Ieri, però, Pechino ha deciso di rivalutare la propria moneta, portando il cambio con il dollaro a 6,399, che rappresenta un apprezzamento di oltre il 3% dall’inizio dell’anno in corso. La decisione si è resa necessaria, dopo la pubblicazione sia dei dati dell’inflazione cinese a luglio, ormai giunta al 6,5% su base annua, sia di quelli della bilancia commerciale americana, che complice la politica dei tassi zero, si attesta a un saldo rosso a giugno per oltre 53 miliardi di dollari, in crescita del 4,4% sullo stesso mese del 2010.

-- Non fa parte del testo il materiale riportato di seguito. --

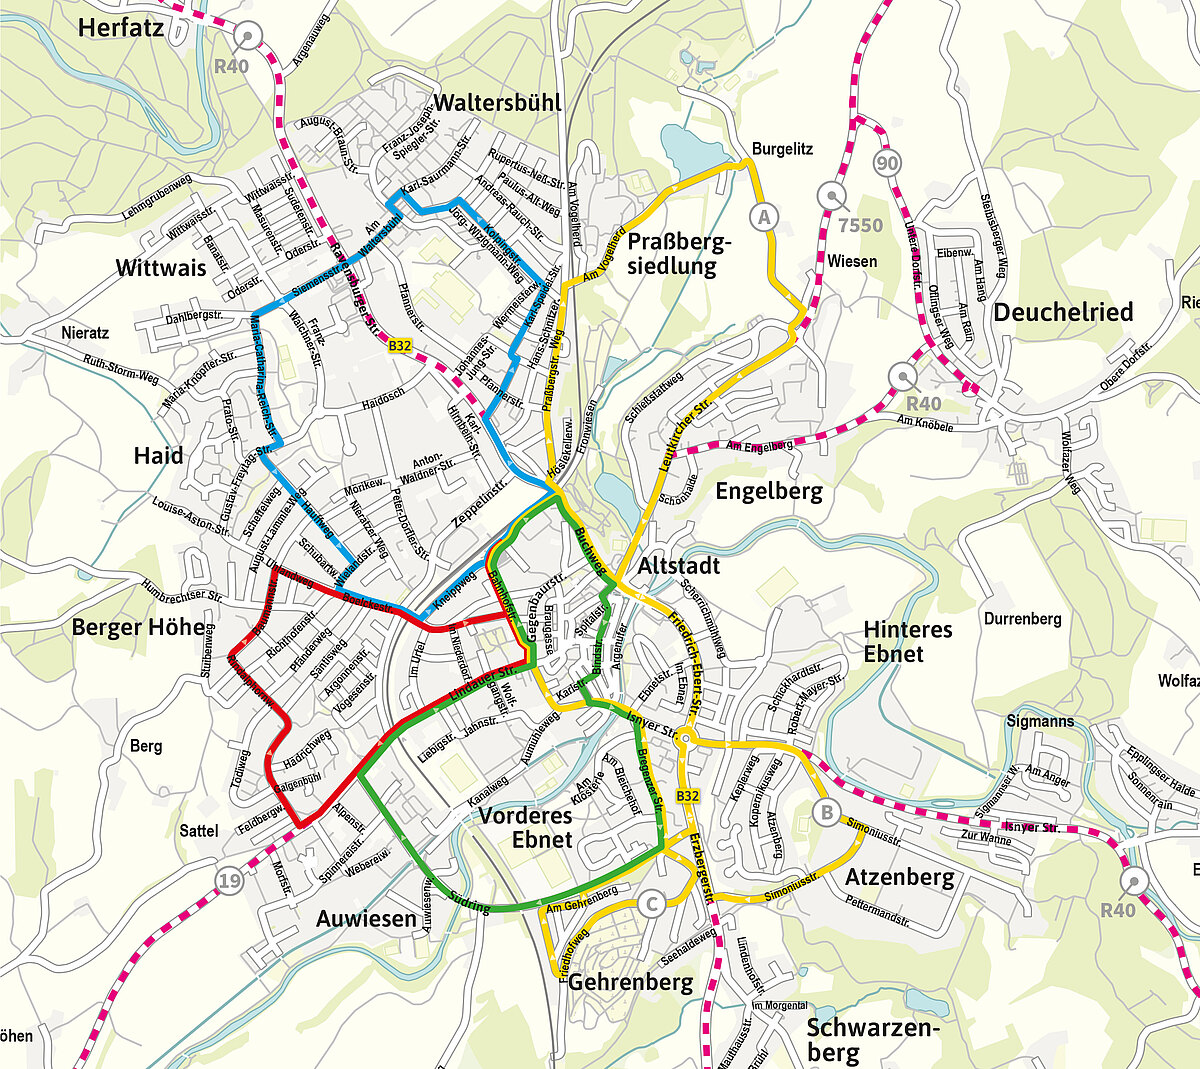 Stadtplan mit den Linien des neuen Stadtbus

Ci sono, insomma, tutti gli elementi per potere portare il cambio al rialzo, cosa che potrebbe fare affluire minore valuta in Cina, calmierando i prezzi, e stabilire un maggiore equilibrio nell’interscambio commerciale, evitando di continuare a generare distorsioni in favore di una crescita “export-led”. Si attende ora un’ulteriore rivalutazione del cambio yuan contro dollaro entro fine anno, per circa l’1,5%.